§ Exercise requirements:
Give the records again, every one, exactly.

(Beginning of Dataset records)

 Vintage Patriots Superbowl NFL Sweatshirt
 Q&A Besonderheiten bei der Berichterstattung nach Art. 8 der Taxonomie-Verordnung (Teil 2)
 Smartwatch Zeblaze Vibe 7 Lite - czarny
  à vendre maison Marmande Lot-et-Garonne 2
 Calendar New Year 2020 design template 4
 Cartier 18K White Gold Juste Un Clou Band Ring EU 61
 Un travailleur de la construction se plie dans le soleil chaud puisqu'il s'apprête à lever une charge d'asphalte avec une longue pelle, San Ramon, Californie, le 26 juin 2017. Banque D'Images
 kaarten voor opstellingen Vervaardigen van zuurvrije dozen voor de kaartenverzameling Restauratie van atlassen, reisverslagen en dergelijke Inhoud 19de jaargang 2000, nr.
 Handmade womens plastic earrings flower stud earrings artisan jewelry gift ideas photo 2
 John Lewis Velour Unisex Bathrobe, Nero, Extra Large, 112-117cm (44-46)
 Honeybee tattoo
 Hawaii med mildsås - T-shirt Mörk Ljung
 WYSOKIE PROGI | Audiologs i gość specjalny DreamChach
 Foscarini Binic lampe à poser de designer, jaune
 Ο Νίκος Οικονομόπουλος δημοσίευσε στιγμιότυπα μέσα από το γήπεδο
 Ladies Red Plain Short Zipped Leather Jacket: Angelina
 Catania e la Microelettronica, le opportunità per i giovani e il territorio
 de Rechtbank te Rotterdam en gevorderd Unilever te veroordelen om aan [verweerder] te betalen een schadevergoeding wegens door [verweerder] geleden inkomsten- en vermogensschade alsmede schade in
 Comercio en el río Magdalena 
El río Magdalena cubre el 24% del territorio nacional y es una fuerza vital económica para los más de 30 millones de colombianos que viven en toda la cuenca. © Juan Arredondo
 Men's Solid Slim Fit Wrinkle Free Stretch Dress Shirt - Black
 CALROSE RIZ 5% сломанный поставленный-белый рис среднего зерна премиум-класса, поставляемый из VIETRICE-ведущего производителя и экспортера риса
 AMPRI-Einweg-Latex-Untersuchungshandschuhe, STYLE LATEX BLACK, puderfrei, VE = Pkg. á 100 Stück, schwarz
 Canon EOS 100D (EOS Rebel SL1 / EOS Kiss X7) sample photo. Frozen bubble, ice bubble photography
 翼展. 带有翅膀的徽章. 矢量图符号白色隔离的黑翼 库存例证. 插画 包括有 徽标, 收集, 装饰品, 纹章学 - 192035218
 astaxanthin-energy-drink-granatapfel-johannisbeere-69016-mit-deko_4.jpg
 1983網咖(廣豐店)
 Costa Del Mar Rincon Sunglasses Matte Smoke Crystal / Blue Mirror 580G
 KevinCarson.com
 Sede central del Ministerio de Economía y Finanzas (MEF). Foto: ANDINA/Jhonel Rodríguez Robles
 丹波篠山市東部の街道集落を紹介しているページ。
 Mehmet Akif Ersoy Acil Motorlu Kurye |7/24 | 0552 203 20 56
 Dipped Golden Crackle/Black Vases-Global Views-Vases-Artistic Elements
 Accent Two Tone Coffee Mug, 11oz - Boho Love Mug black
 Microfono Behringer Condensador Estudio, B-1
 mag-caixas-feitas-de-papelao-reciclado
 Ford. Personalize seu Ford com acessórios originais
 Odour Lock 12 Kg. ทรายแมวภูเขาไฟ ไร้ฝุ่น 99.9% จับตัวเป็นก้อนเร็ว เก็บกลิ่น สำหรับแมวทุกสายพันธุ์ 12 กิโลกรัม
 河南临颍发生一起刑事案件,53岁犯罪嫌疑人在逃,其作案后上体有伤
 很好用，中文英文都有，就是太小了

(End of Dataset records)

§ Your response:
 Vintage Patriots Superbowl NFL Sweatshirt
 Q&A Besonderheiten bei der Berichterstattung nach Art. 8 der Taxonomie-Verordnung (Teil 2)
 Smartwatch Zeblaze Vibe 7 Lite - czarny
  à vendre maison Marmande Lot-et-Garonne 2
 Calendar New Year 2020 design template 4
 Cartier 18K White Gold Juste Un Clou Band Ring EU 61
 Un travailleur de la construction se plie dans le soleil chaud puisqu'il s'apprête à lever une charge d'asphalte avec une longue pelle, San Ramon, Californie, le 26 juin 2017. Banque D'Images
 kaarten voor opstellingen Vervaardigen van zuurvrije dozen voor de kaartenverzameling Restauratie van atlassen, reisverslagen en dergelijke Inhoud 19de jaargang 2000, nr.
 Handmade womens plastic earrings flower stud earrings artisan jewelry gift ideas photo 2
 John Lewis Velour Unisex Bathrobe, Nero, Extra Large, 112-117cm (44-46)
 Honeybee tattoo
 Hawaii med mildsås - T-shirt Mörk Ljung
 WYSOKIE PROGI | Audiologs i gość specjalny DreamChach
 Foscarini Binic lampe à poser de designer, jaune
 Ο Νίκος Οικονομόπουλος δημοσίευσε στιγμιότυπα μέσα από το γήπεδο
 Ladies Red Plain Short Zipped Leather Jacket: Angelina
 Catania e la Microelettronica, le opportunità per i giovani e il territorio
 de Rechtbank te Rotterdam en gevorderd Unilever te veroordelen om aan [verweerder] te betalen een schadevergoeding wegens door [verweerder] geleden inkomsten- en vermogensschade alsmede schade in
 Comercio en el río Magdalena 
El río Magdalena cubre el 24% del territorio nacional y es una fuerza vital económica para los más de 30 millones de colombianos que viven en toda la cuenca. © Juan Arredondo
 Men's Solid Slim Fit Wrinkle Free Stretch Dress Shirt - Black
 CALROSE RIZ 5% сломанный поставленный-белый рис среднего зерна премиум-класса, поставляемый из VIETRICE-ведущего производителя и экспортера риса
 AMPRI-Einweg-Latex-Untersuchungshandschuhe, STYLE LATEX BLACK, puderfrei, VE = Pkg. á 100 Stück, schwarz
 Canon EOS 100D (EOS Rebel SL1 / EOS Kiss X7) sample photo. Frozen bubble, ice bubble photography
 翼展. 带有翅膀的徽章. 矢量图符号白色隔离的黑翼 库存例证. 插画 包括有 徽标, 收集, 装饰品, 纹章学 - 192035218
 astaxanthin-energy-drink-granatapfel-johannisbeere-69016-mit-deko_4.jpg
 1983網咖(廣豐店)
 Costa Del Mar Rincon Sunglasses Matte Smoke Crystal / Blue Mirror 580G
 KevinCarson.com
 Sede central del Ministerio de Economía y Finanzas (MEF). Foto: ANDINA/Jhonel Rodríguez Robles
 丹波篠山市東部の街道集落を紹介しているページ。
 Mehmet Akif Ersoy Acil Motorlu Kurye |7/24 | 0552 203 20 56
 Dipped Golden Crackle/Black Vases-Global Views-Vases-Artistic Elements
 Accent Two Tone Coffee Mug, 11oz - Boho Love Mug black
 Microfono Behringer Condensador Estudio, B-1
 mag-caixas-feitas-de-papelao-reciclado
 Ford. Personalize seu Ford com acessórios originais
 Odour Lock 12 Kg. ทรายแมวภูเขาไฟ ไร้ฝุ่น 99.9% จับตัวเป็นก้อนเร็ว เก็บกลิ่น สำหรับแมวทุกสายพันธุ์ 12 กิโลกรัม
 河南临颍发生一起刑事案件,53岁犯罪嫌疑人在逃,其作案后上体有伤
 很好用，中文英文都有，就是太小了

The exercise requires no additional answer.